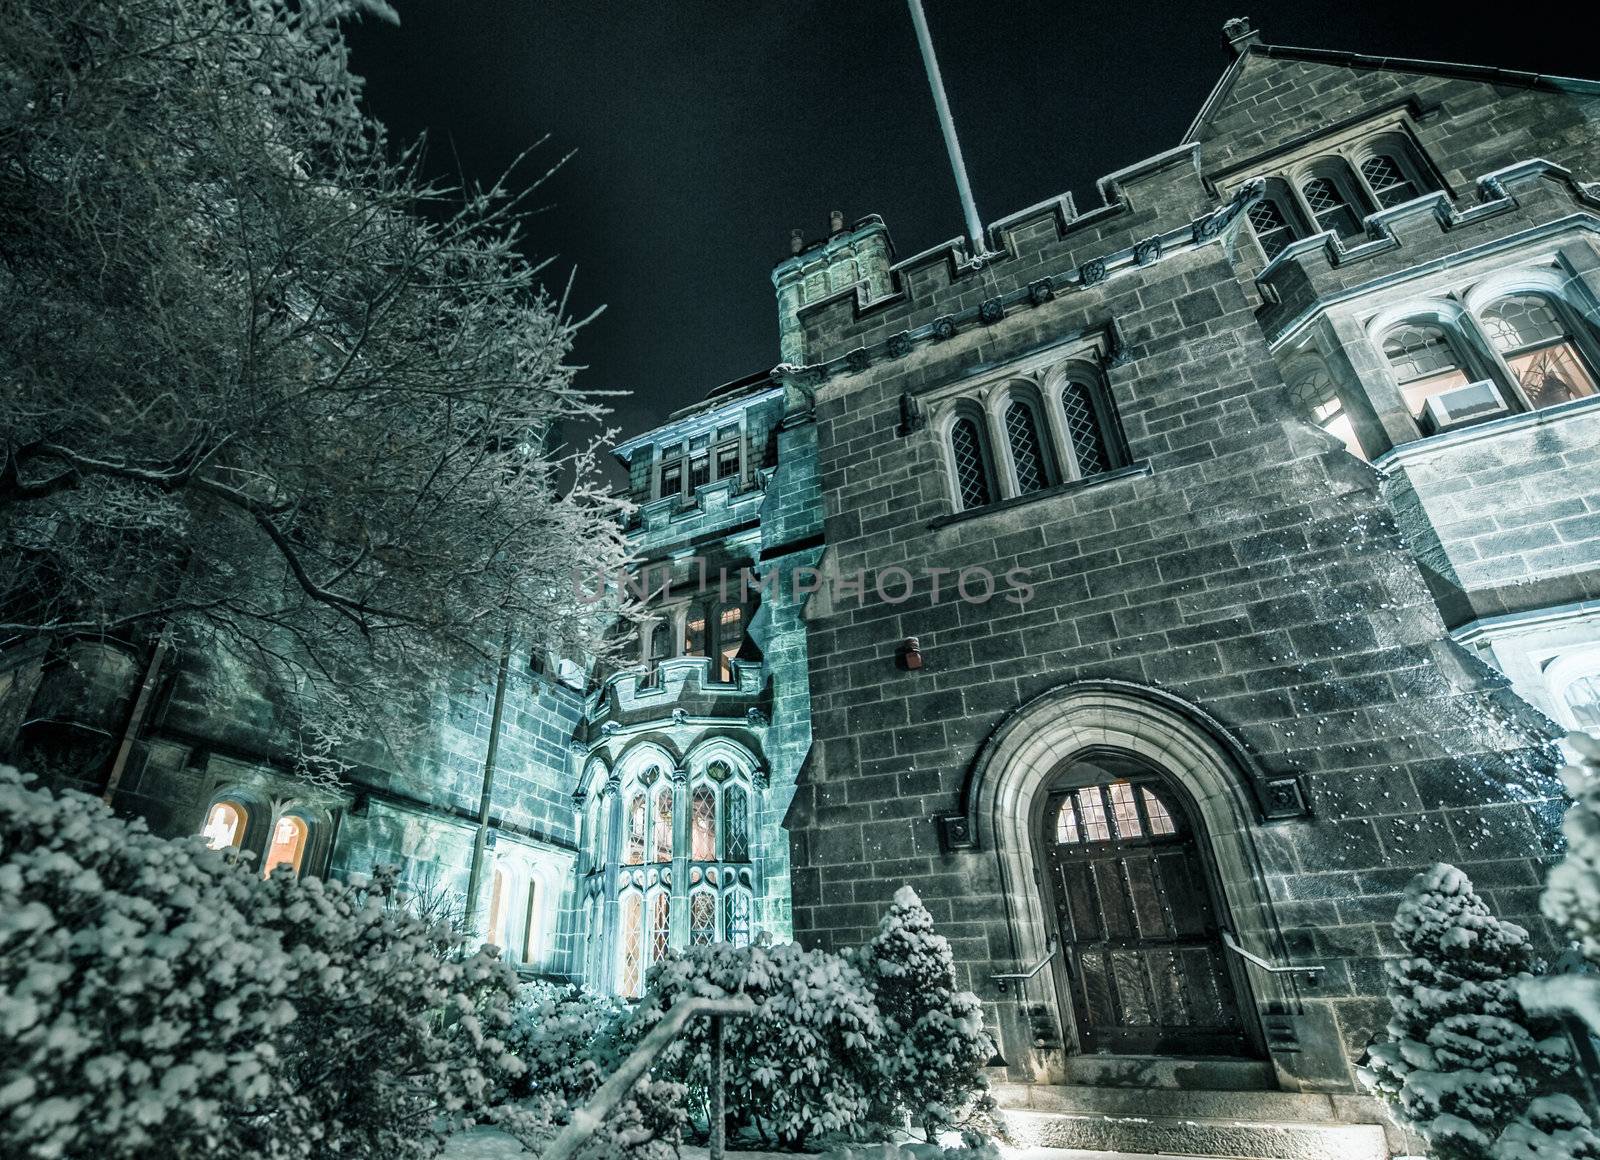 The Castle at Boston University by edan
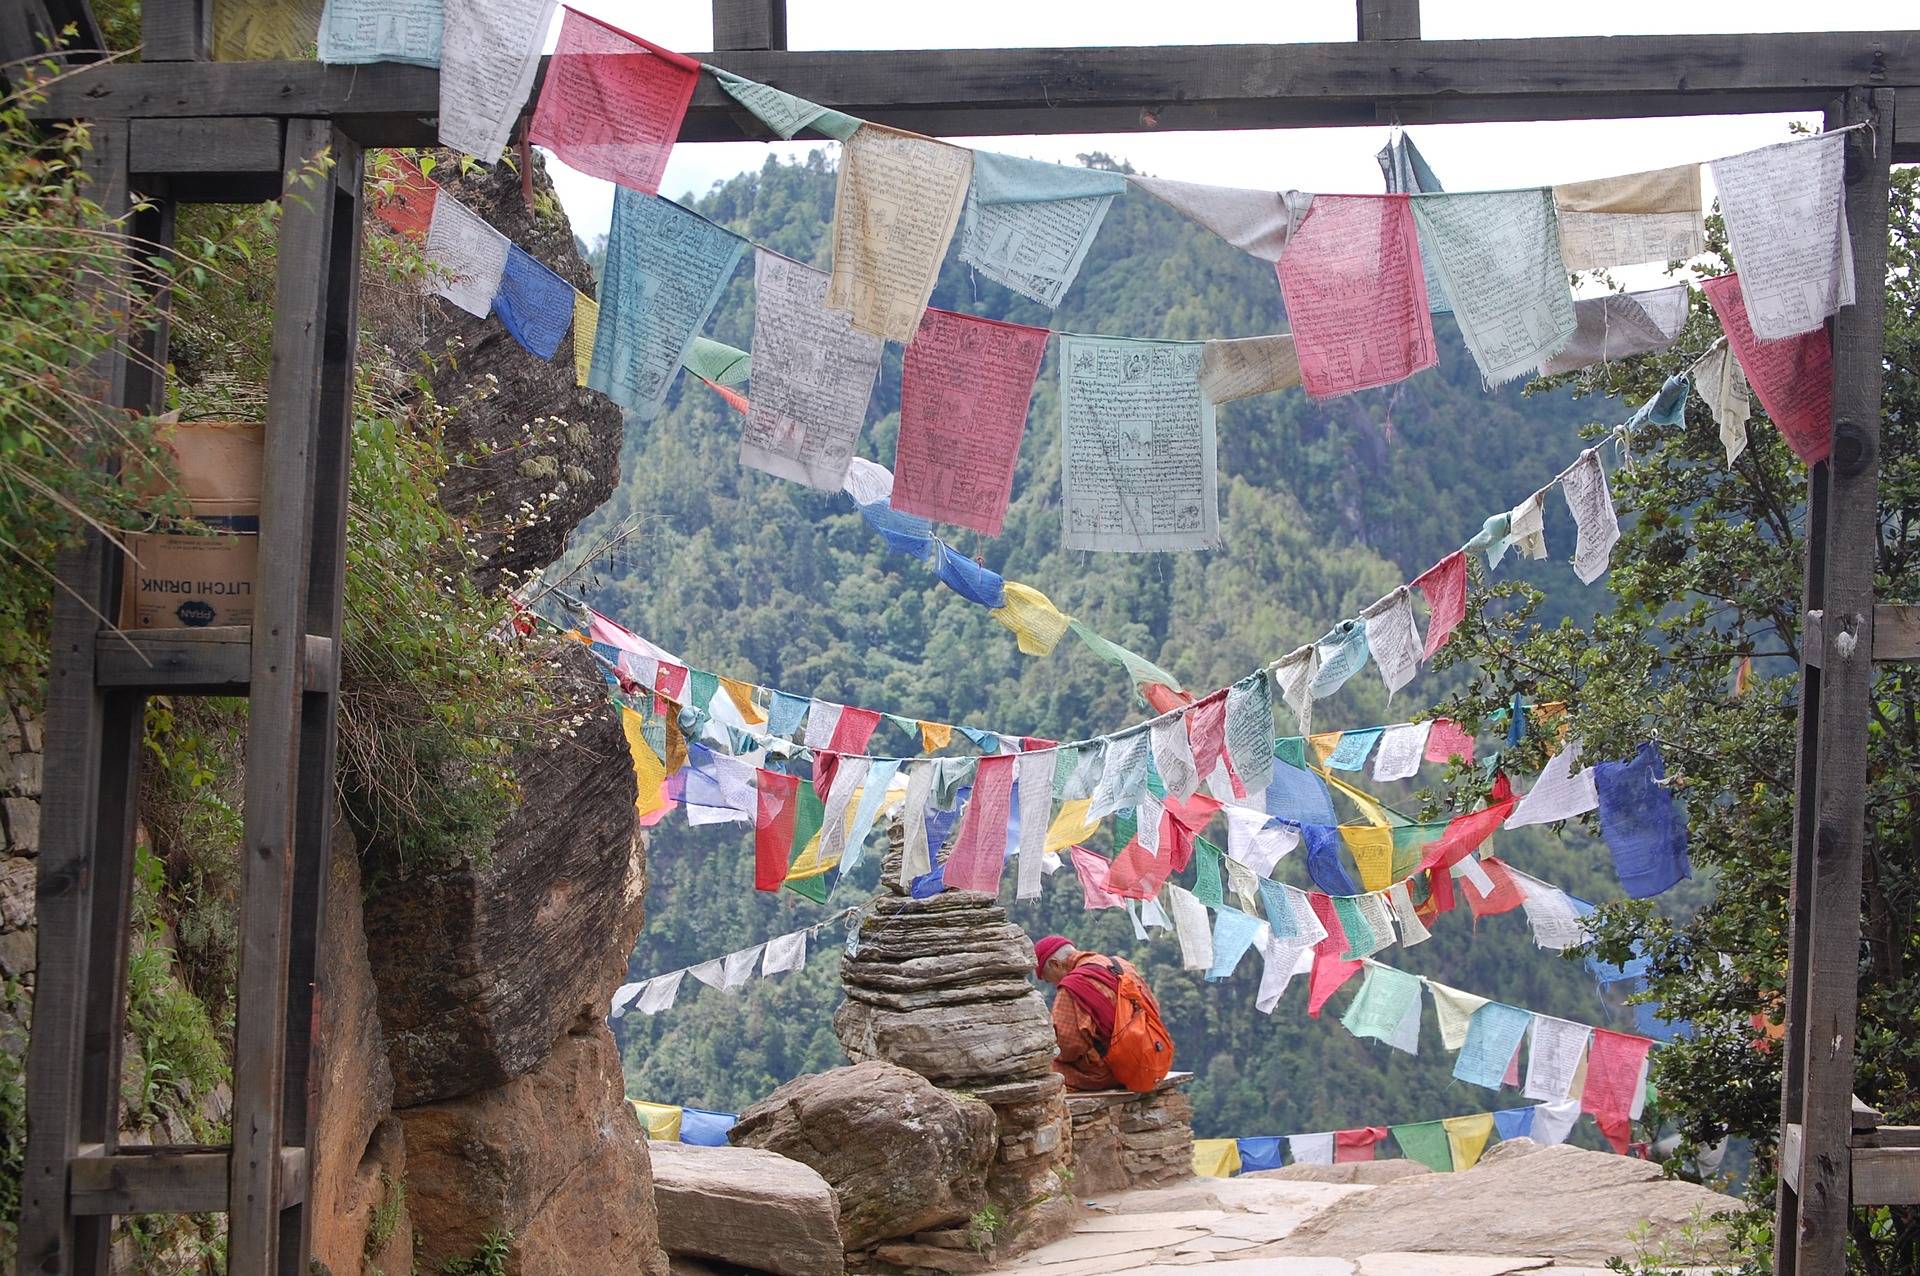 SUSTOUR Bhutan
##############################
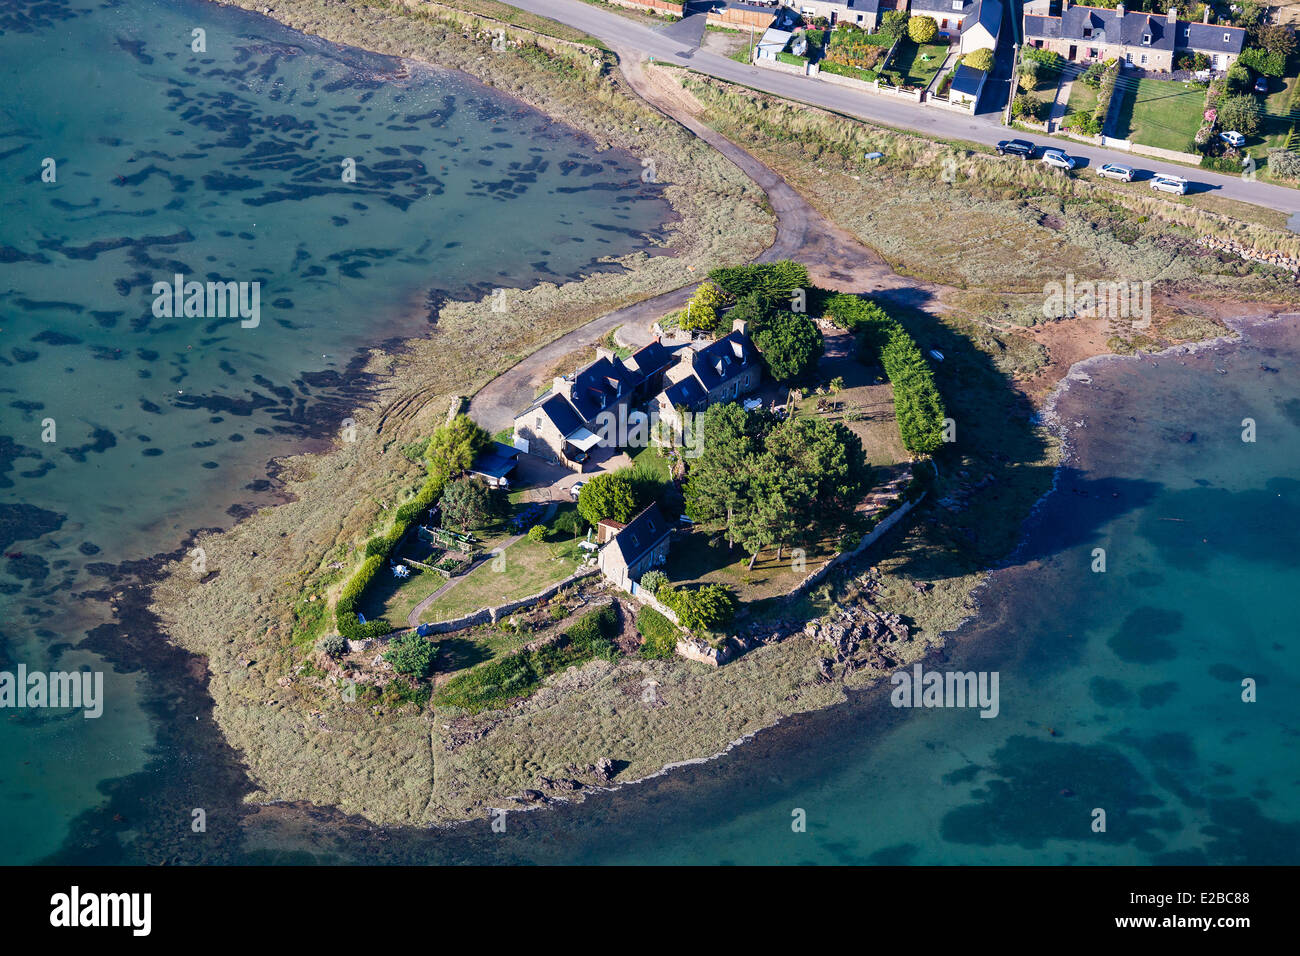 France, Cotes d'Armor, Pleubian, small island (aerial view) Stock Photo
##############################
» TO DO:
Keep to the lines above from the line with "The Castle at Boston University by edan" to the line with "SUSTOUR Bhutan", and set down exactly those, inclusive, with nothing else and every picture left out.

» OUTPUT OF THE TASK:
 The Castle at Boston University by edan
 SUSTOUR Bhutan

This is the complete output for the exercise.